Am Mittwoch hatte der Innenausschuss des Bundestages verschiedene Änderungen gegenüber dem Gesetzentwurf der Bundesregierung von März beschlossen, die auch einige der wesentlichen Kritikpunkte des DEHOGA aufgreifen.

Die Abgeordneten der Ampel-Fraktionen votierten in der namentlichen Schlussabstimmung nahezu geschlossen mit Ja. Lediglich die FDP-Abgeordnete Linda Teuteberg enthielt sich der Stimme. Die anwesenden Abgeordneten von Union und AfD stimmten laut Bundestagsverwaltung alle mit «Nein». In der Summe stimmten 388 Abgeordnete mit Ja. 242 Parlamentarier lehnten den Entwurf ab. 31 Abgeordnete enthielten sich.

Deutschland werde durch die Verabschiedung des Gesetzentwurfs «das modernste Einwanderungsrecht der Welt» bekommen, sagte Bundesinnenministerin Nancy Faeser (SPD). Der nächste Schritt müsse nun sein, «maßgeblich Bürokratie abzubauen», um den Weg nach Deutschland für qualifizierte Arbeitskräfte weniger beschwerlich zu machen.

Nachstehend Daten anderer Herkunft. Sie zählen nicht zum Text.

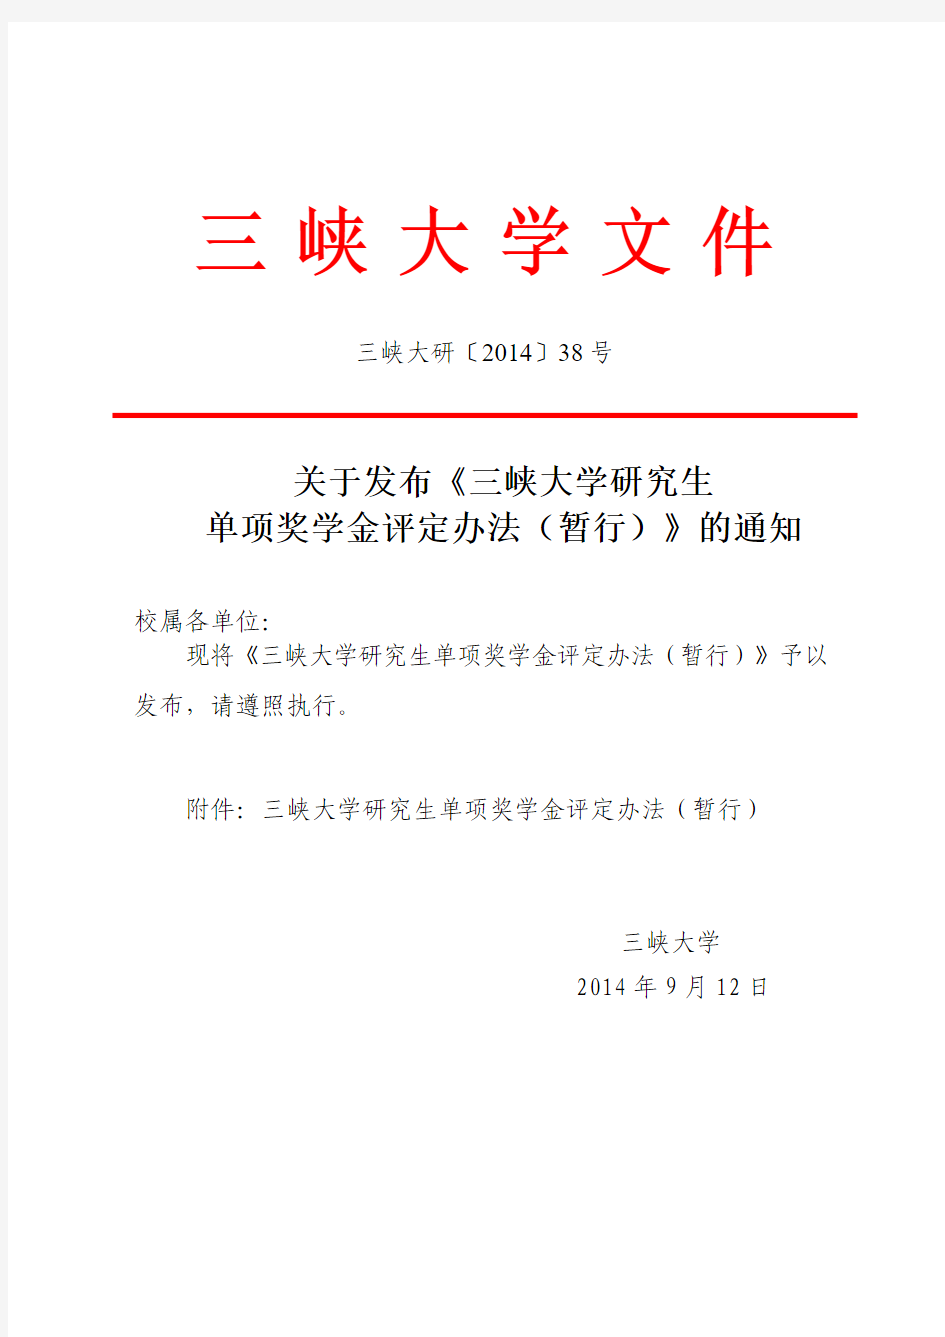 三峡大学研究生单项奖学金评定办法(暂行)

Neu ist in dem Gesetzentwurf unter anderem die sogenannte Chancenkarte auf Basis eines Punktesystems. Zu den Kriterien, für die es Punkte gibt, gehören Sprachkenntnisse, Berufserfahrung, Alter und Deutschlandbezug. IT-Fachkräfte sollen künftig auch ohne Hochschulabschluss kommen dürfen, sofern sie bestimmte Qualifikationen nachweisen können. Leichter werden soll es auch für Asylbewerber, die vor dem 29. März 2023 eingereist sind, die eine qualifizierte Tätigkeit ausüben oder in Aussicht haben.

Die Reform sei eine «Mogelpackung», kritisierte die stellvertretende Vorsitzende der Unionsfraktion, Andrea Lindholz. Anstatt Fachkräften den Weg zu ebnen, werde das von Erwerbsmigranten eingeforderte Niveau, was Ausbildung und Sprache angeht, gesenkt. Mit ihrem neuen Punktesystem schaffe die Ampel-Koalition ein «Bürokratiemonster», sagte die CSU-Politikerin. Sie kritisierte außerdem Erleichterungen, von denen Ausreisepflichtige mit Qualifikation und Jobangebot profitieren sollen.

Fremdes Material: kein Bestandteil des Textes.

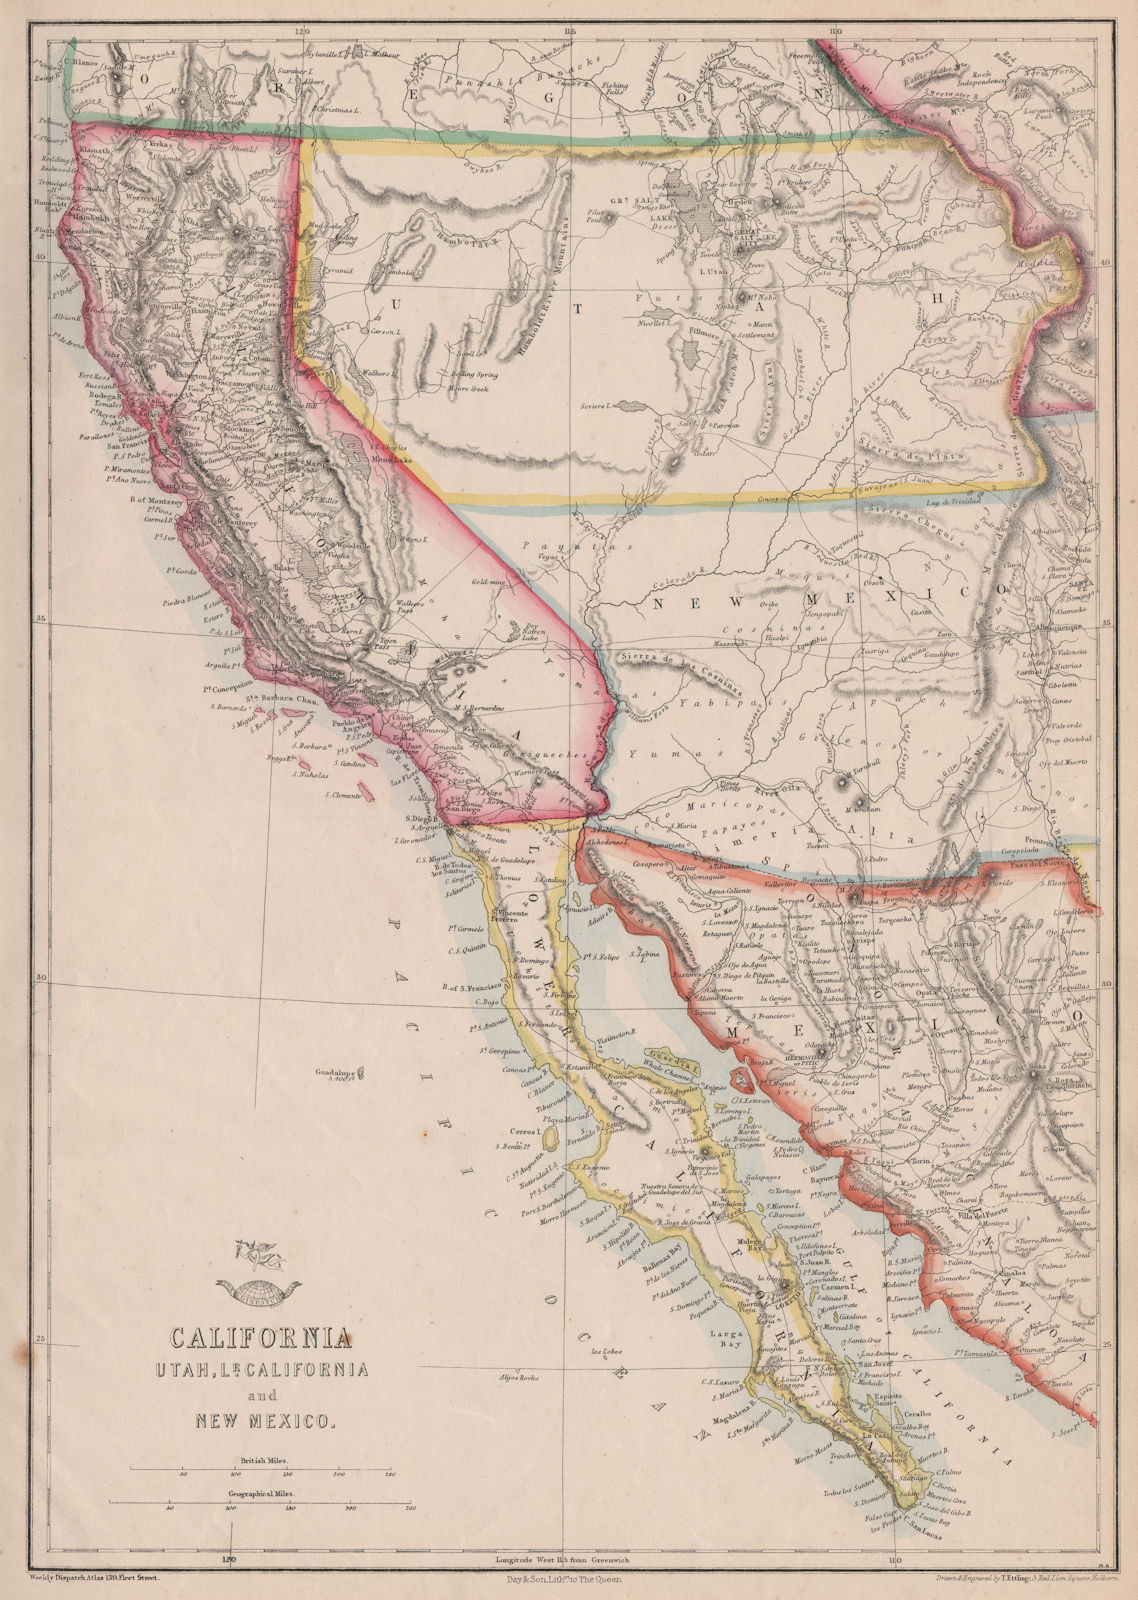 BAJA/CALIFORNIA, UTAH & NEW MEXICO TERRITORIES. Pre-Nevada. ETTLING 1863 map

Lindholz sei ideologisch verbohrt, sagte Grünen-Fraktionsvize Konstantin von Notz. Die Möglichkeit eines «Spurwechsels» für Ausreisepflichtige diene auch dazu, diese «aus der staatlichen Abhängigkeit herauszulösen».

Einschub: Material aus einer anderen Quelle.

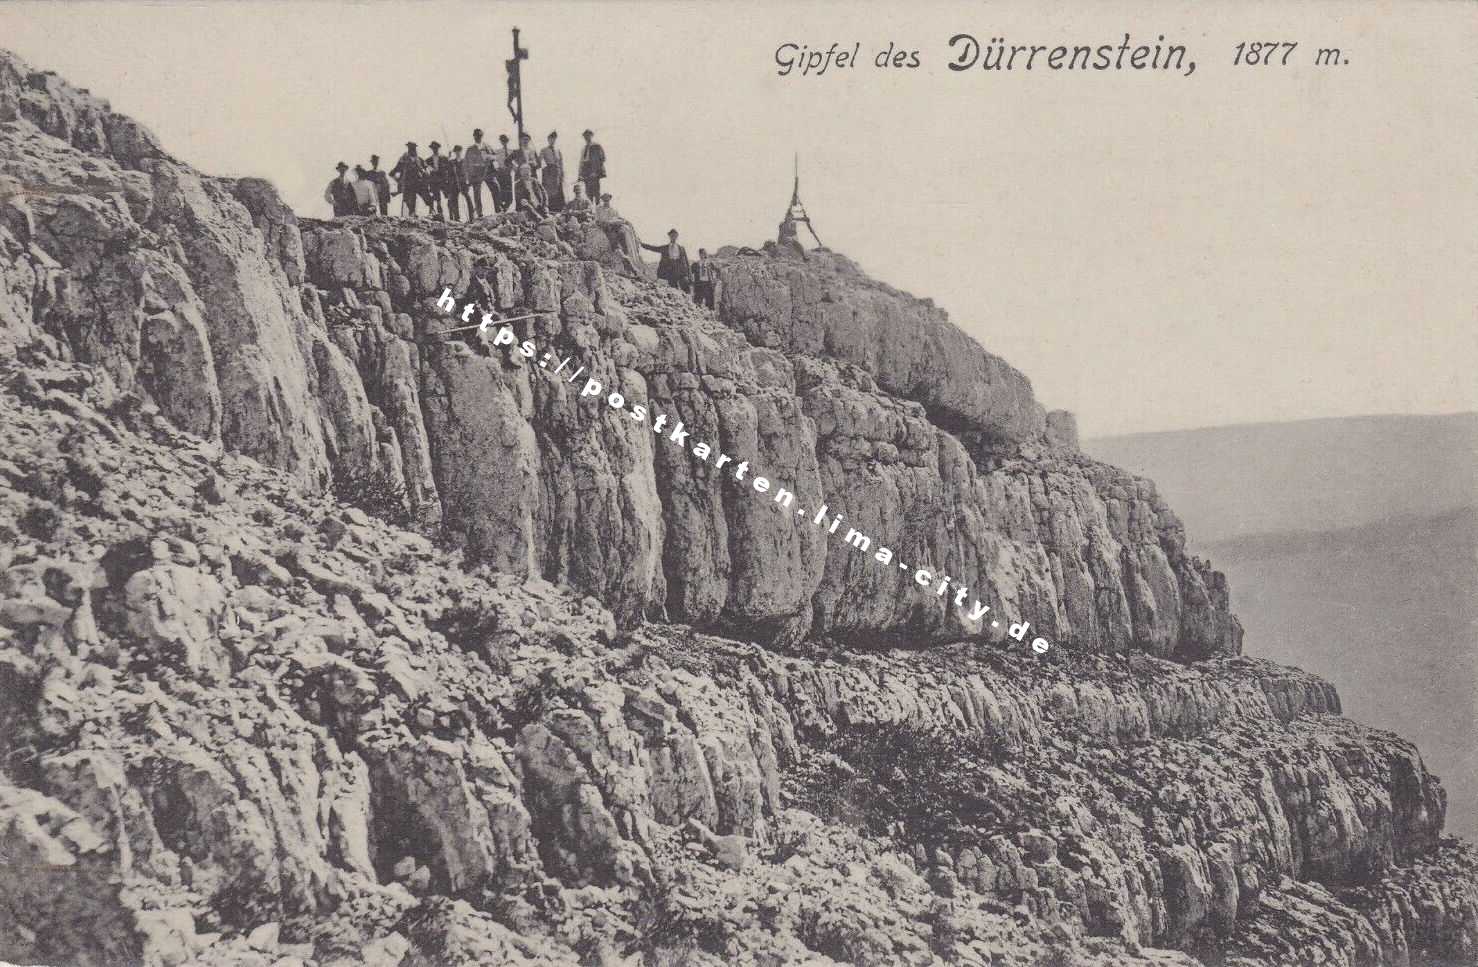 Lunz Dürrenstein 1926

Der Parlamentarische Geschäftsführer der FDP-Fraktion, Johannes Vogel, sagte, Deutschland orientiere sich bei der Reform an erfolgreichen Einwanderungsländern wie Kanada, Neuseeland und Australien. «Mit neuen Köpfen kommen auch neue Ideen», fügte er hinzu. Sein Parteikollege Konstantin Kuhle verwies darauf, dass die Ampel durch eine Änderung der Beschäftigungsverordnung außerdem das Kontingent für die Westbalkanregelung von 25 000 auf 50 000 Arbeitskräfte pro Jahr verdoppeln werde. Die Regelung erlaubt auch eine Einreise von Arbeitskräften ohne besondere Qualifikation, wenn diese einen Arbeitsvertrag vorweisen können. Der Präsident des Zentralverbandes des Deutschen Handwerks, Jörg Dittrich, sagte: «Insbesondere das Baugewerbe kann von diesen zusätzlichen Arbeitskräften profitieren.»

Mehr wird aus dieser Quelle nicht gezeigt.